Il pensiero postmetafisico di Lévinas, Derrida e Deleuze

Jacques Derrida

Il filosofo francese Jacques Derrida (El-Biar, Algeria, 1930) è dal 1983 direttore di studi all’École des Hautes Études en Sciences Sociales di Parigi. Tra le sue opere: La scrittura e la differenza (1967); Della grammatologia (1967).

Parola, scrittura e metafisica
Derrida sostiene che l’intera tradizione filosofica occidentale, coincidente con la storia della metafisica da Platone fino a Heidegger, svaluta il segno scritto e privilegia il segno orale: secondo tale tradizione la parola è legata alla presenza, mentre la scrittura è legata all’assenza. La parola parlata è presente a colui che la pronuncia e si rivolge sempre a una persona presente. Un testo scritto invece esiste anche in assenza del suo autore e si rivolge sempre a una persona assente. Secondo Derrida la metafisica privilegia la parola, considerandola l’espressione diretta della verità: questa, intesa come la presenza immediata di qualcosa alla coscienza, sarebbe presente solo nel discorso parlato. Il segno scritto invece è svalutato dalla metafisica, poiché è inteso come assenza, ossia come una negazione della presenza e quindi della verità. In definitiva, la metafisica confinerebbe la scrittura in un ruolo secondario, di traduzione e rappresentazione grafica della parola: il segno orale è il segno della cosa, il segno scritto è il segno del segno orale, nel senso che sta al posto della parola parlata e rinvia a essa.

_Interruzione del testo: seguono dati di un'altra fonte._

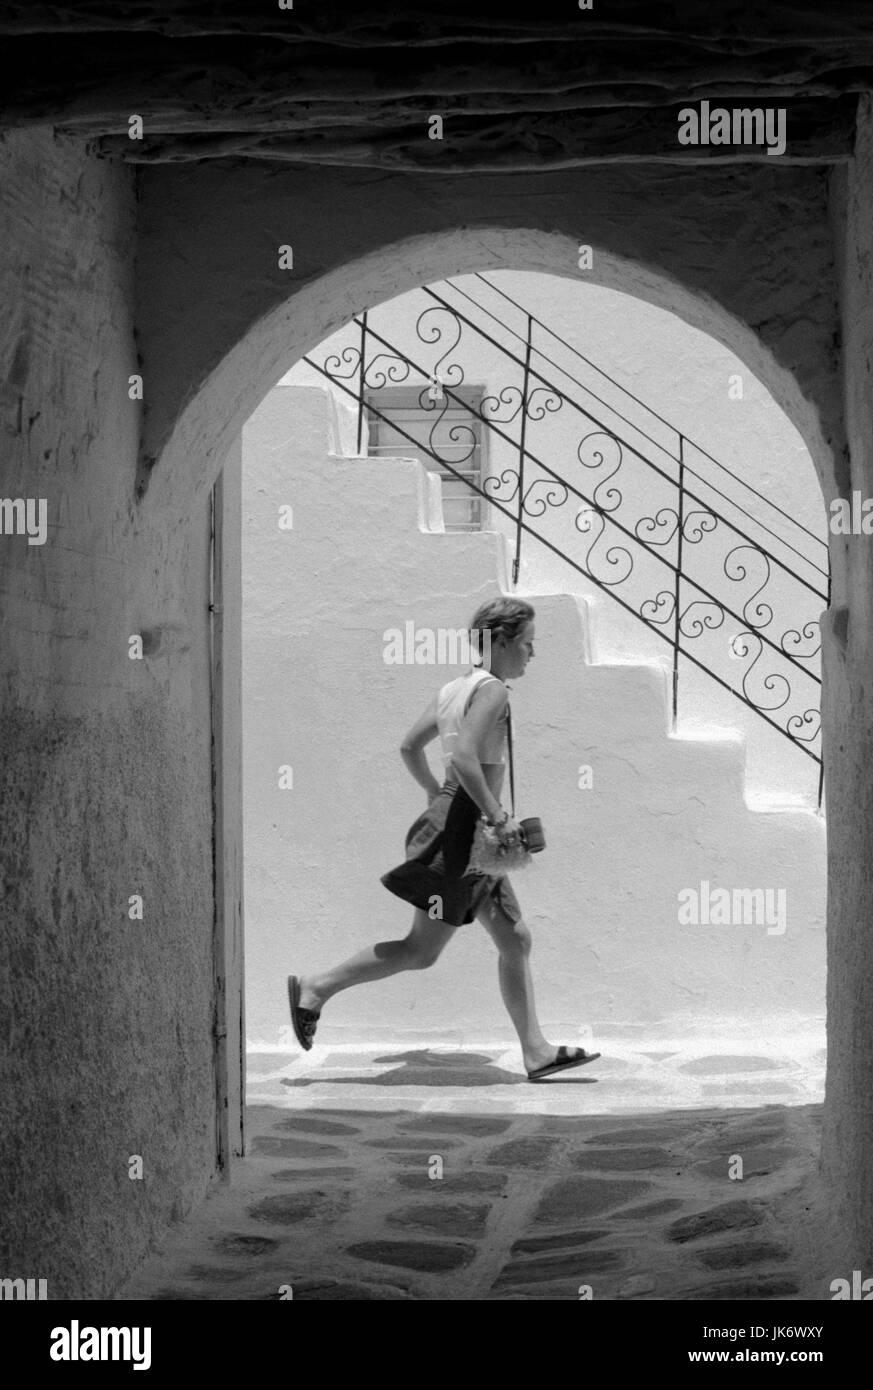 Griechenland, Kykladen, Insel Paros,  Gasse, Rundbogen, Mann, laufen, seitlich, s/w Kykladeninsel, Treppe, Stufen, - Stock Image

La decostruzione della metafisica
Sulla base di queste distinzioni Derrida contesta lo stesso concetto di “presenza” su cui sarebbe fondata la tradizione metafisica: l’idea di presenza è di per sé già un’illusione. Sulla scia di Heidegger Derrida giunge così al progetto di una decostruzione della metafisica. In primo luogo essa mette in questione le opposizioni concettuali classiche (per esempio, l’opposizione fra parola e scrittura), rovesciando la gerarchia che le comanda, ossia il predominio di un termine sull’altro. In secondo luogo, la decostruzione fa emergere una nuova prospettiva concettuale irriducibile al sistema di tali opposizioni. Derrida mostra poi che la definizione del segno scritto è in realtà la definizione di ogni segno: infatti ogni segno, anche quello orale, non significa mai la cosa stessa ma rinvia a un altro segno, il quale rinvia a sua volta a un altro segno, e questo processo di rinvio è interminabile. A questo funzionamento del segno Derrida dà il nome di différance: si tratta della differenza fra segno e segno (ogni segno rinvia a un segno differente da esso) e del differimento, o rinvio incessante, a cui è sottoposta la presenza della cosa. Sia nel discorso parlato, sia in quello scritto è impossibile risalire a una verità, a una presenza originaria, poiché ogni presenza è già presa nella rete infinita dei rimandi da segno a segno. Allo scopo di decostruire la metafisica Derrida trasforma la filosofia in una pratica di scrittura, o grammatologia, aperta alle influenze della letteratura e della psicoanalisi e nella quale la verità si dà proprio nella scrittura (che è ripetizione e differenza fra significante e significato) come differimento continuo e traccia.